Eugene had been called away on a short business trip, leaving orders that a comfortable old house on the grounds should be put at the disposal of Alexandra and Fabian. Alexandra took an upstairs bedroom; Fabian moved into a room on the ground floor. He released his ponies to be groomed and exercised at the Stanhope Stables, then parked his VanHome near the house.
After dinner at the Polo and Golf Club with several players and their wives, Alexandra suggested that she and Fabian walk across the deer park sloping gently between the club and their house.
Overhead, wind ruffled the treetops, but on the sandy path, where moonlight hung like smoke, the quiet was broken only by a steady whir of grasshoppers beckoning them from the ground. Aware that for the first time he was alone with Alexandra, Fabian’s thought flowed in strands, shifting with the slightest pulse of the uncertain moment.
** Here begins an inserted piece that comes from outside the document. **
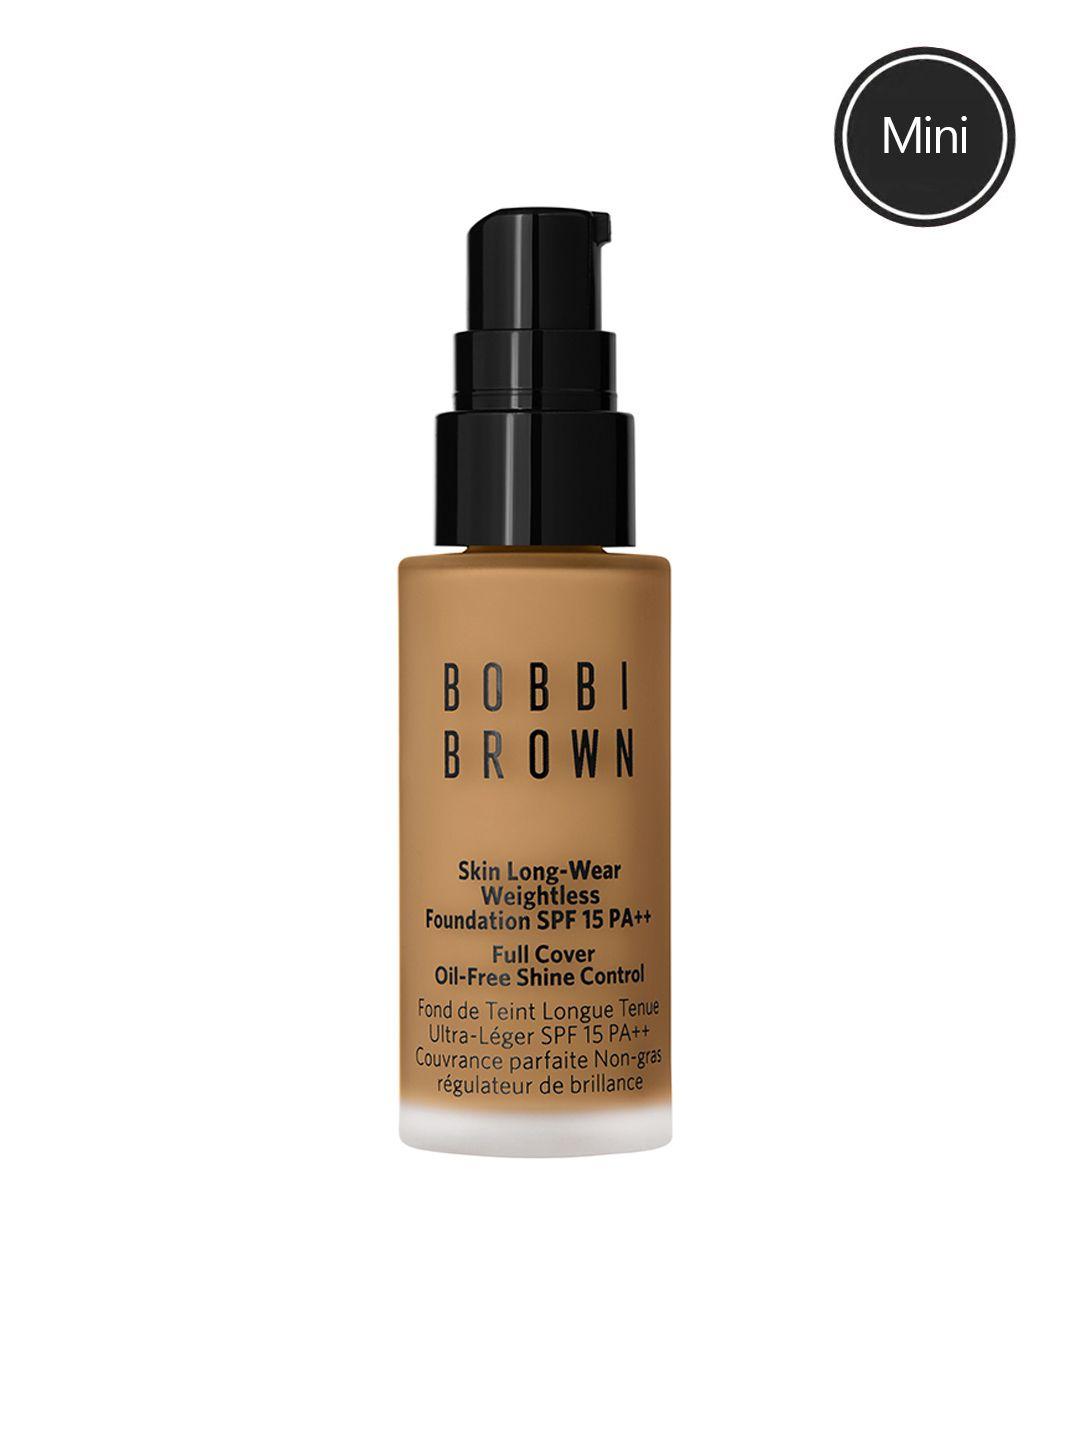 bobbi brown mini skin long-wear spf 15 weightless foundation 13 ml - warm natural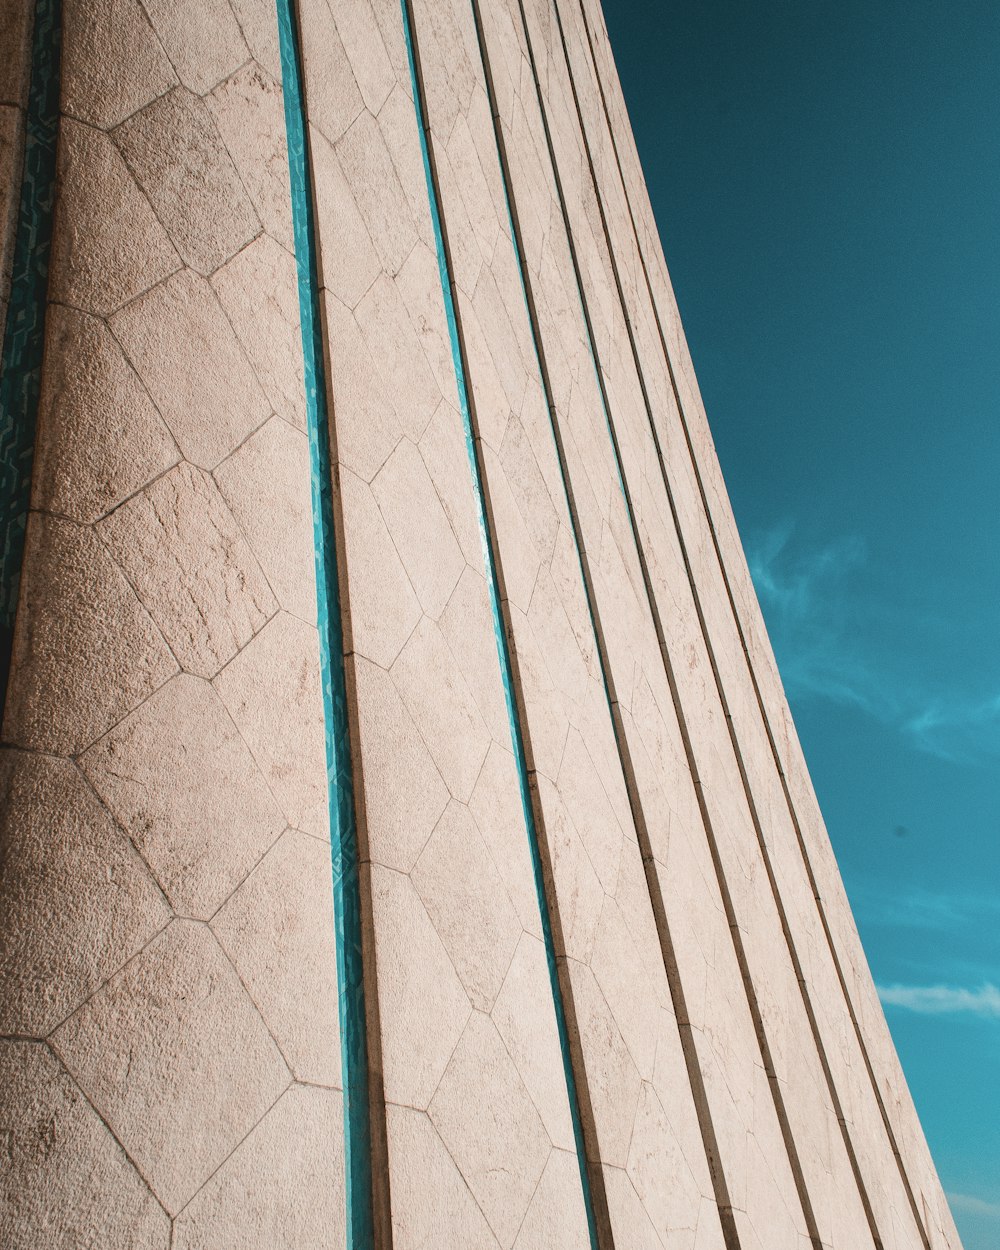 edifício de concreto cinza sob o céu azul durante o dia

Alexandra broke the stillness. “I have always supported myself.” She spoke, as if to herself, in a cool, detached voice. “And as long as I am not abused by the men I live with, I choose to live with those I do.”
Fabian was quick to reassure her. “I won’t tell—”
“I know you won’t,” she broke in, “although even if one day you do, neither of them would mind. They know what they want.”
“What do they want?” Fabian asked.
The forest was dry, the air sultry, the clatter of grasshoppers incessant. A lightning bolt, swift and thunderless, carved the sky. As Fabian strained his eyes to fill in the contours of the night, another flash of lightning revealed Alexandra, standing near him.
“I promise better than any woman in the world,” she said, “and they want to follow through on what I promise.”
They were close to th
eir house now, about to pass his VanHome. As if she were leaving a mark in ghostly dust, Alexandra drew one finger across its surface.
“Can I see the inside?” she asked.
Fabian looked at the mesh of shadows on her face and bare shoulders. “Could it wait for another time?” he asked, confessing the impotence of reason.
“It could. But should you?”
He entered the cab of the VanHome and turned on the lights in the lounge. She stepped in behind him.
“So this is where you hide out?” She looked around the lounge, then peeked up at the alcove.
“This is where I live and work,” Fabian said.
Alexandra asked for red wine. Relieved to be able to conceal his anxiety, Fabian went to the wine rack, where he pulled out the last bottle and uncorked it, pouring her a glass. She sipped the wine slowly. Her eyes rested briefly on a boxed collection of Fabian’s polo books, but she did not reach out to touch them. She was amused by the writing chair he had made by setting a polo saddle on a wooden tripod. Lifting the hem of her evening dress, she slid astride the saddle; the movement pushed her dress up, above her thighs. She leaned back, and her mane of copper-colored hair, trembling with a sheen of light, rippled in waves over her neck and shoulders. In her shimmering dress, straddling the chair, the head of the saddle between her exposed thighs, her feet nude in their high-heeled sandals, leather straps binding her ankles, she tantalized.